**Assignment:** Would you reproduce each line below exactly, leaving every picture out?

**Information provided:**
■ ■ ■ ■ ■ ■ ■
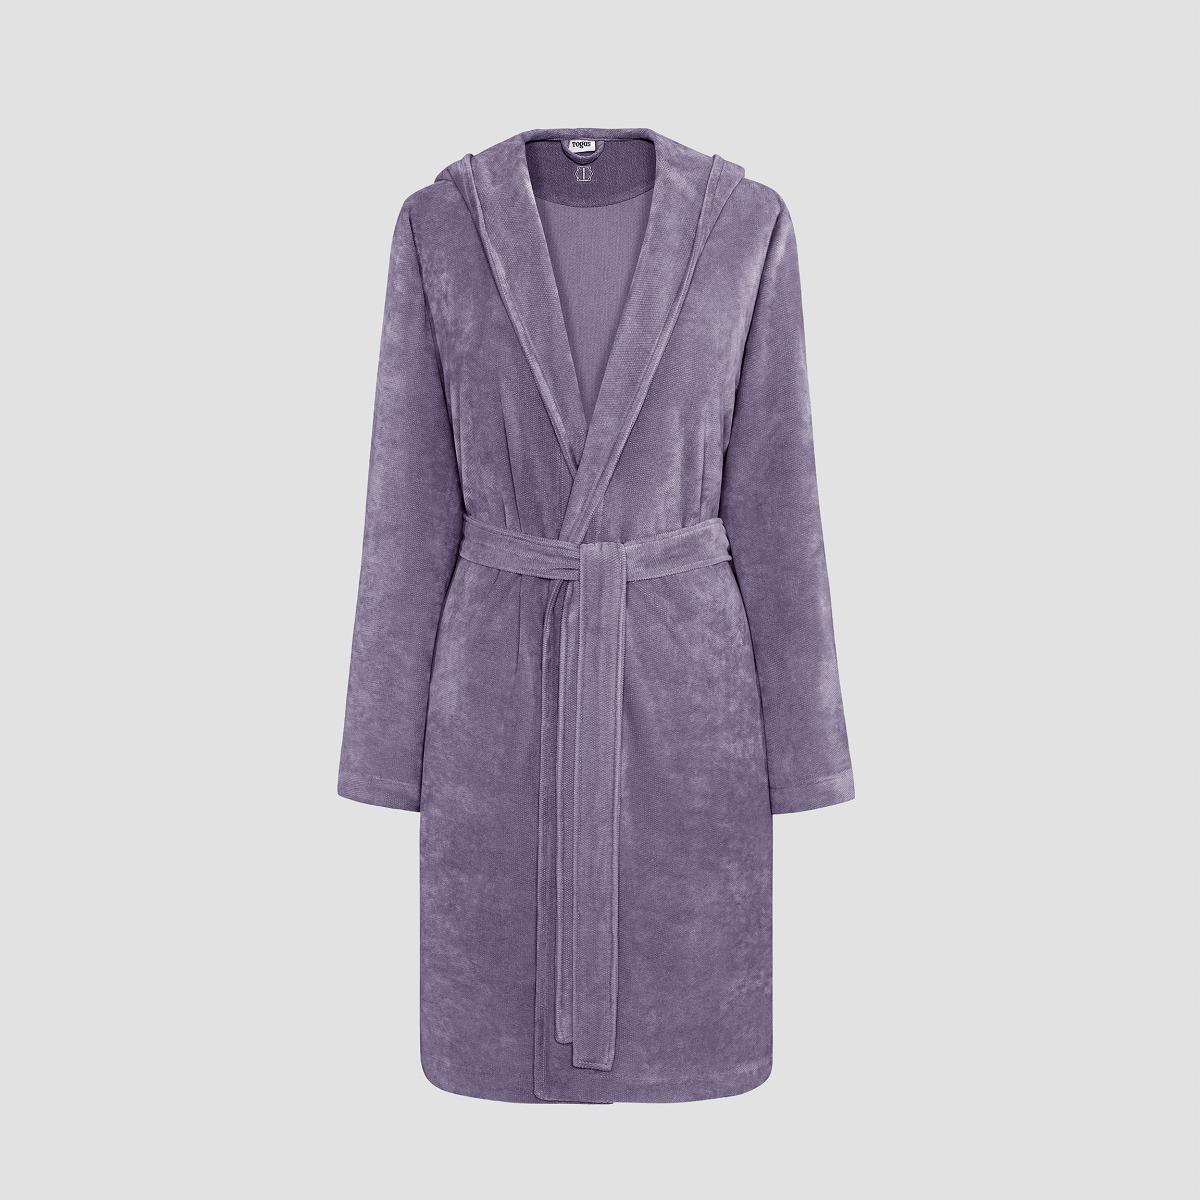 Халат Togas Талия фиолетовый XL(50) жен халат сабрина фиолетовый р 54
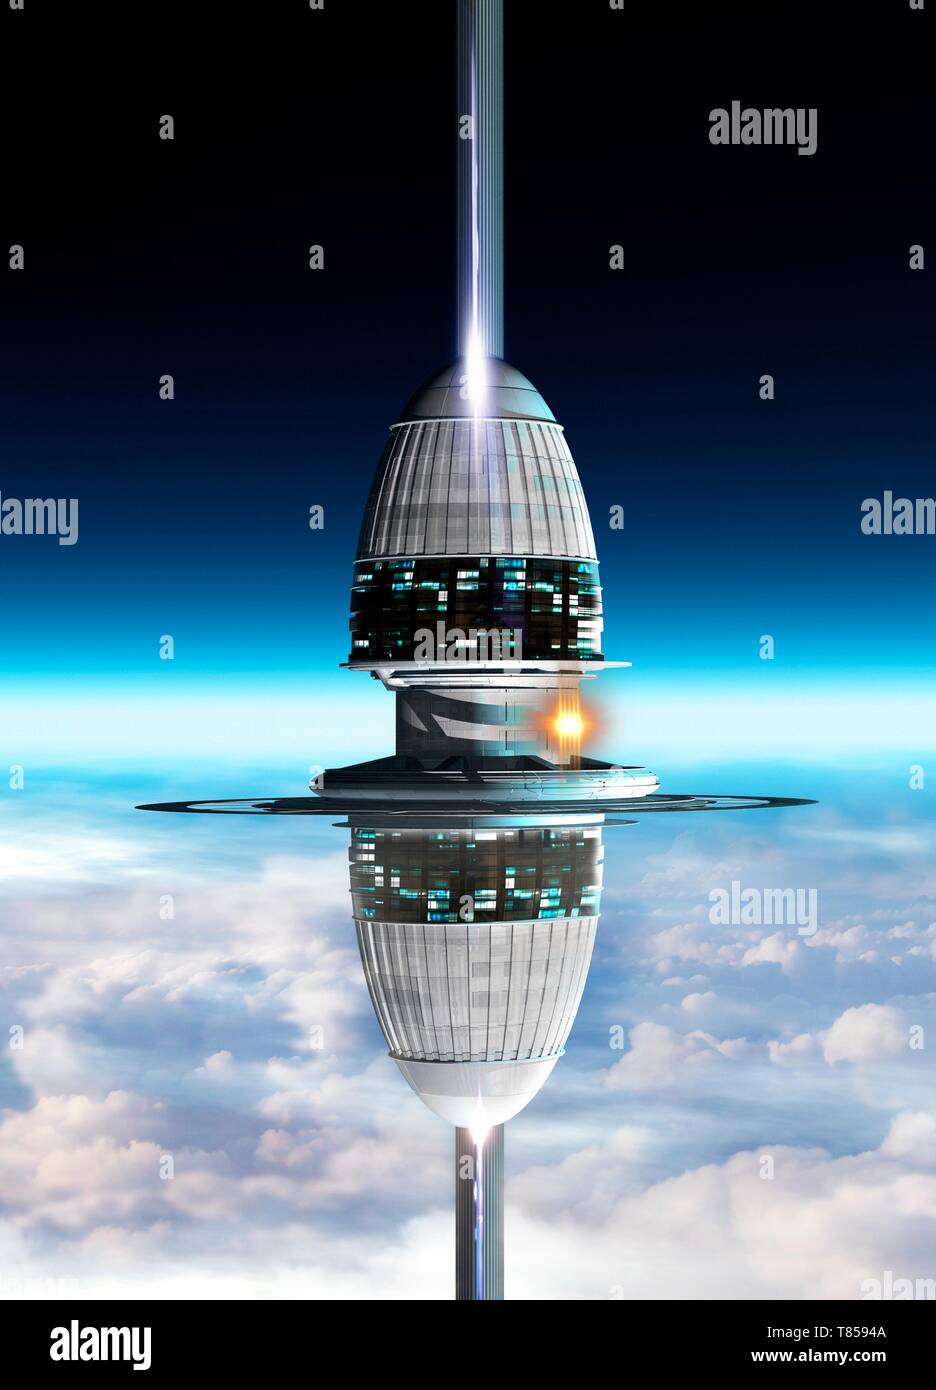 Space elevator, illustration Stock Photo
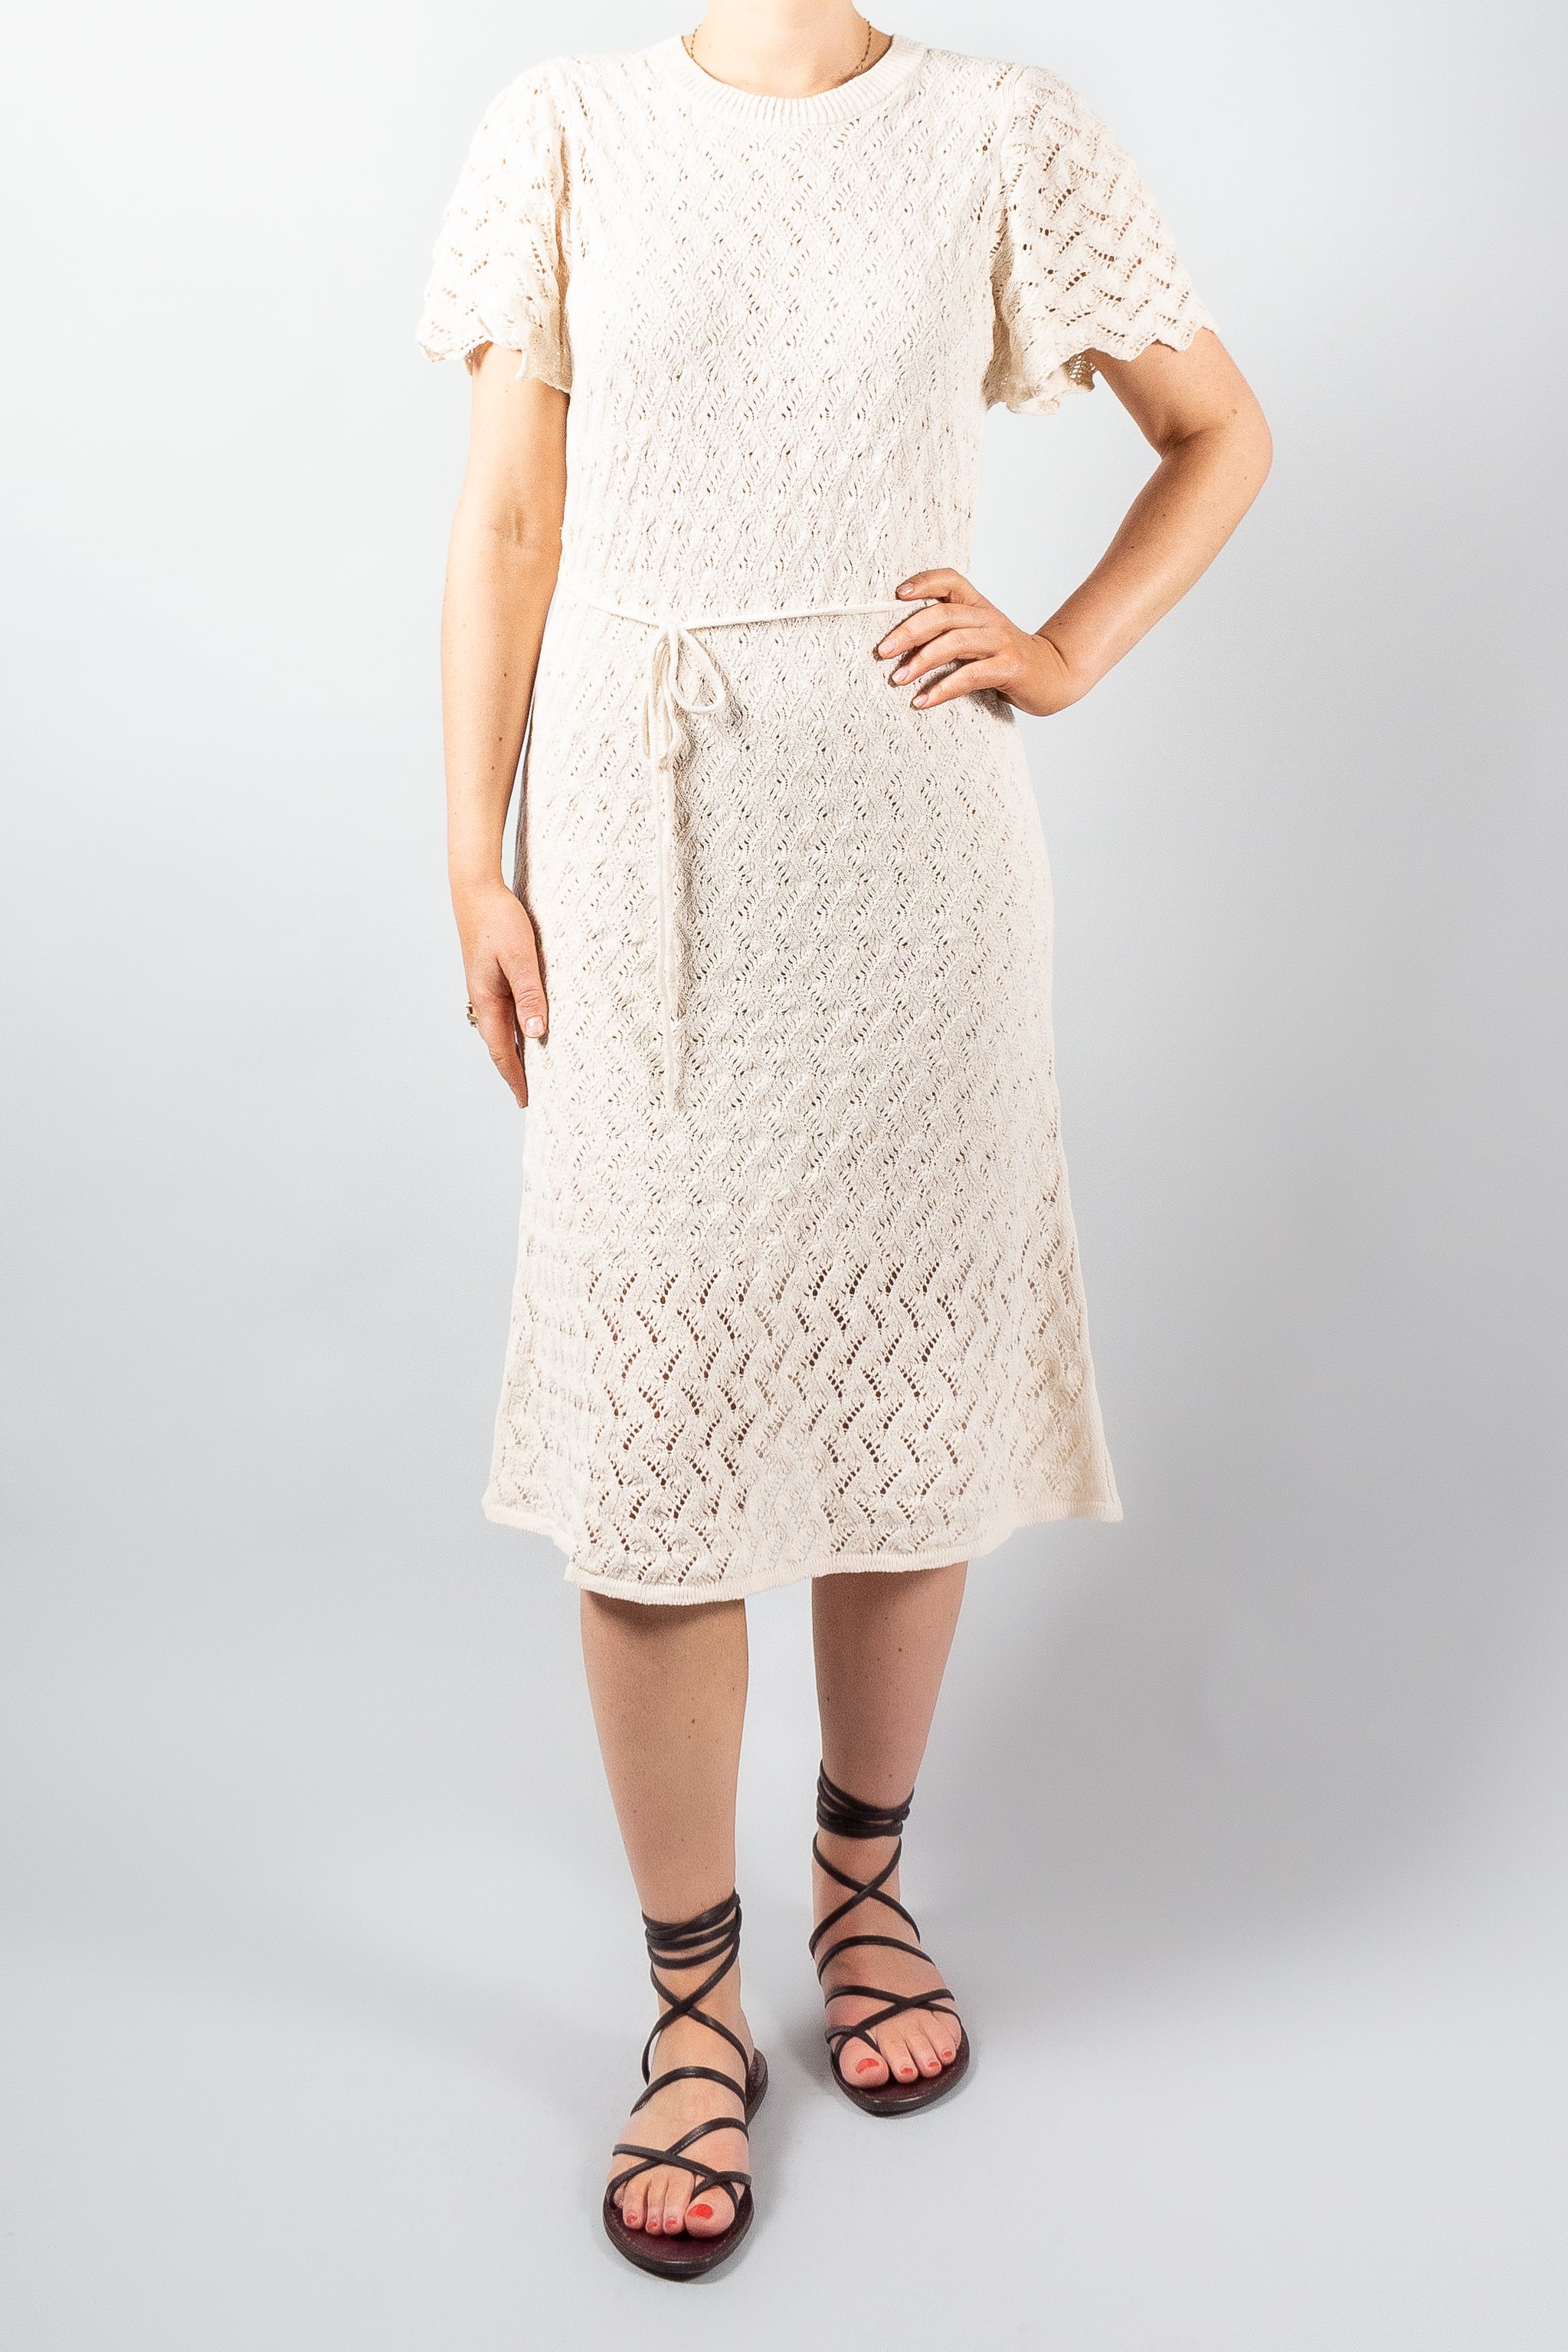 Vanessa Bruno Clementina Crochet Dress-Dresses and Jumpsuits-Misch-Boutique-Vancouver-Canada-misch.ca
■ ■ ■ ■ ■ ■ ■
**Reply:**
 Халат Togas Талия фиолетовый XL(50) жен халат сабрина фиолетовый р 54
 Space elevator, illustration Stock Photo
 Vanessa Bruno Clementina Crochet Dress-Dresses and Jumpsuits-Misch-Boutique-Vancouver-Canada-misch.ca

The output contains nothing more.